Group of Order 49

Explanation:

To prove that option 'A' is the correct answer, we need to show that G is abelian.

Definition: A group G is said to be abelian if the group operation is commutative, i.e., for any elements a, b in G, ab = ba.

Proof:

We know that the order of a group is equal to the number of elements in the group.

Given that the order of group G is 49, we can use Lagrange's theorem to deduce certain properties of G.

Lagrange's Theorem: If G is a finite group and H is a subgroup of G, then the order of H divides the order of G.

Using Lagrange's theorem, we can conclude that the orders of the subgroups of G can only be 1, 7, or 49.

Now, let's consider the center of the group, denoted as Z(G), which is the set of elements that commute with all other elements in G.

Claim: The order of the center of G, denoted as |Z(G)|, is greater than 1.

Proof of Claim:

Suppose |Z(G)| = 1, i.e., the center of G contains only the identity element.

Let's consider an element g in G, where g ≠ e (identity element).

Since G is a group, every element must have an inverse. Therefore, the inverse of g is also an element of G.

Now, consider the element g and its inverse g^(-1).

Since g and g^(-1) are distinct elements, they must belong to different cosets of the center. This is because if g and g^(-1) belonged to the same coset, g * g^(-1) would commute with all elements, which contradicts the fact that g and g^(-1) are distinct.

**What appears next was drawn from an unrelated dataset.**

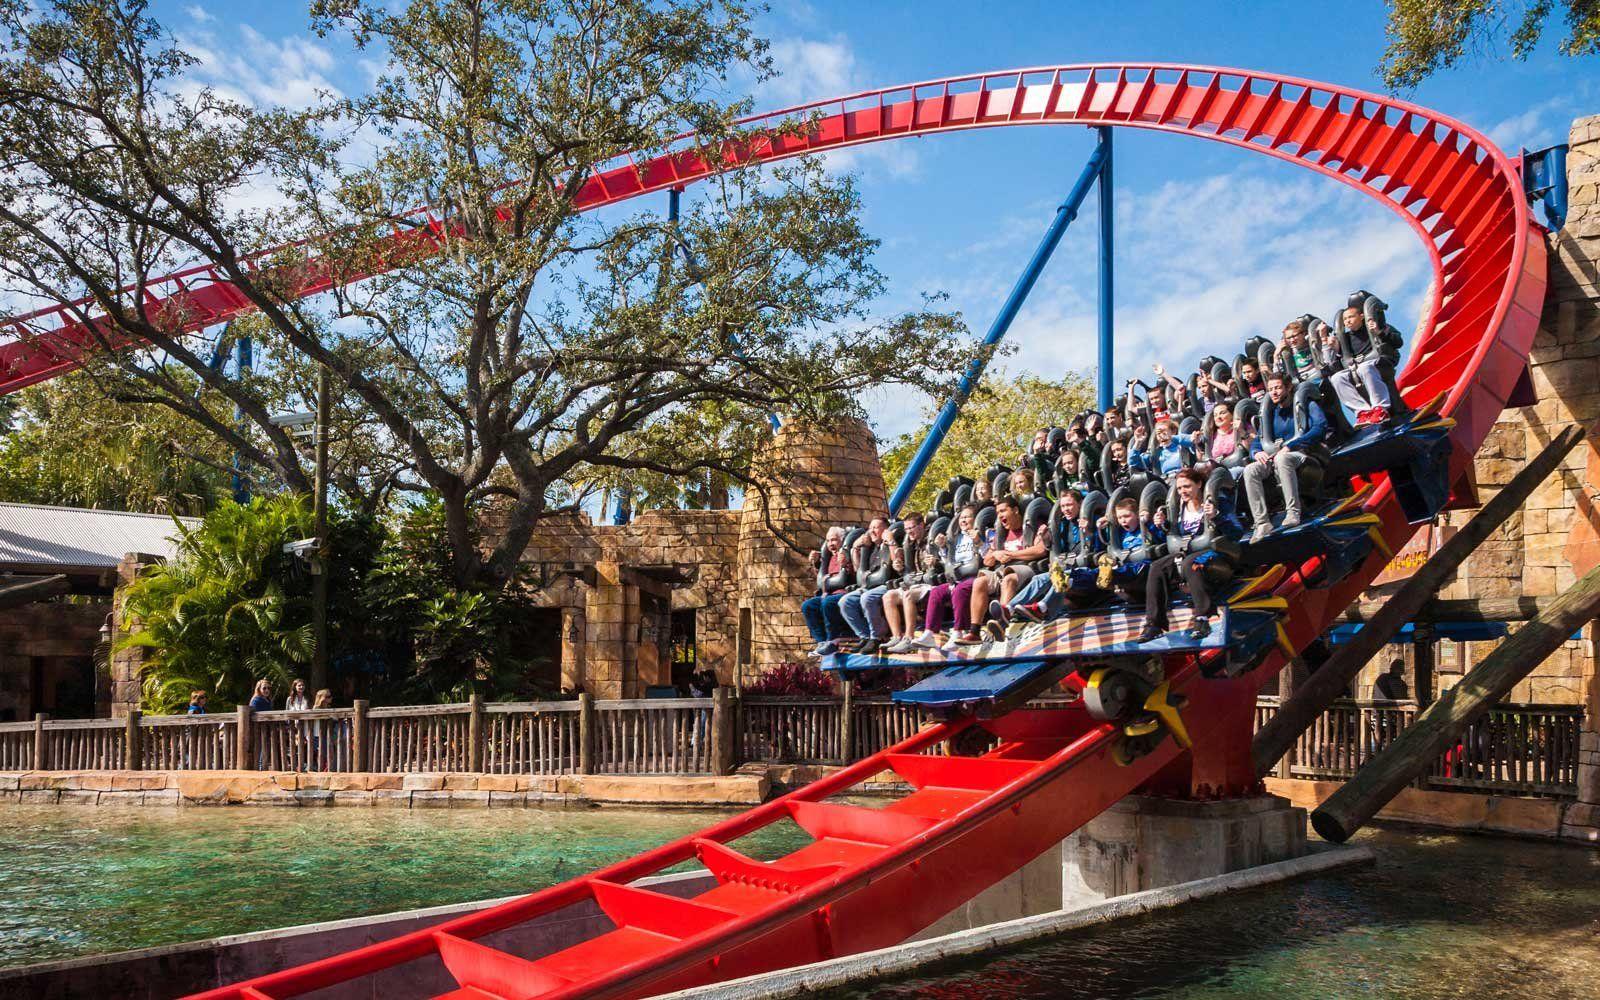 b6919cf1ce60279ecbd92f278c47d618 - How Crowded Is Busch Gardens Tampa
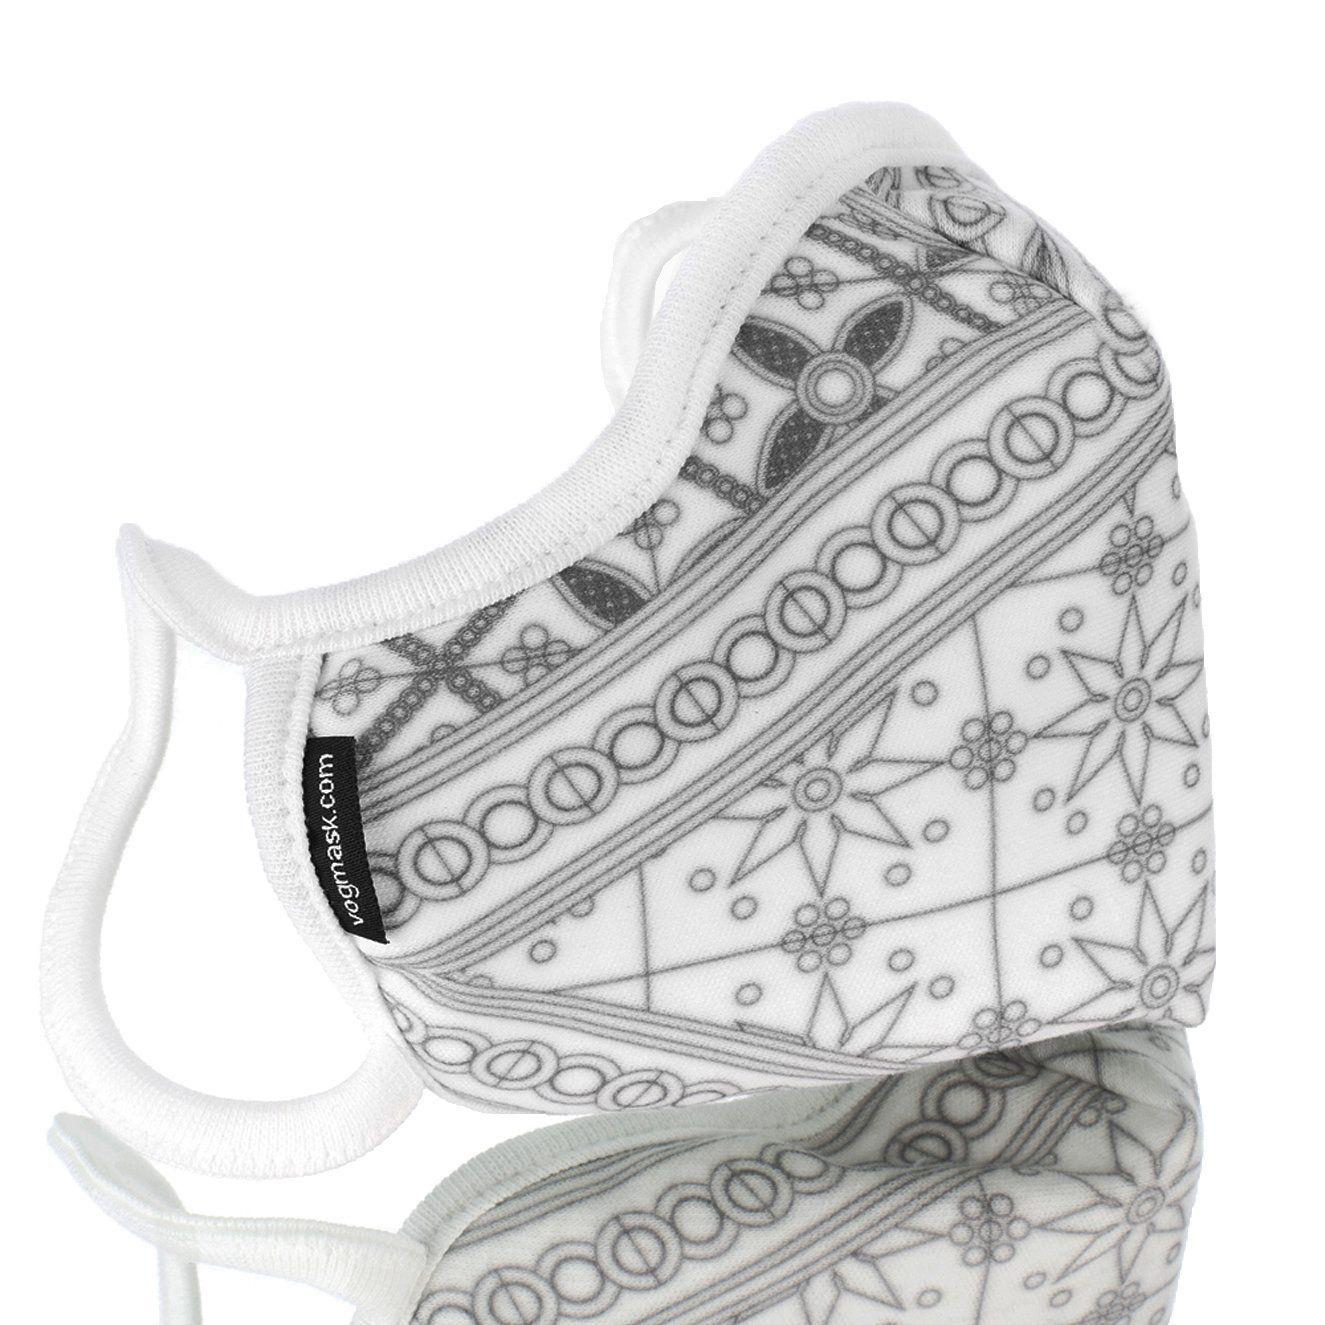 VOGMASK Organic Cotton Filtering Mask Batik

Therefore, there are at least 2 distinct cosets of the center of G, each containing 24 elements.

But this implies that the order of G is at least 48, which is a contradiction since the order of G is given as 49.

Hence, the claim is proved, and |Z(G)| > 1.

Conclusion:

Since the center of G has order greater than 1, it means that there exist elements in G that commute with all other elements.

Therefore, G is abelian.

Hence, option 'A' is the correct answer.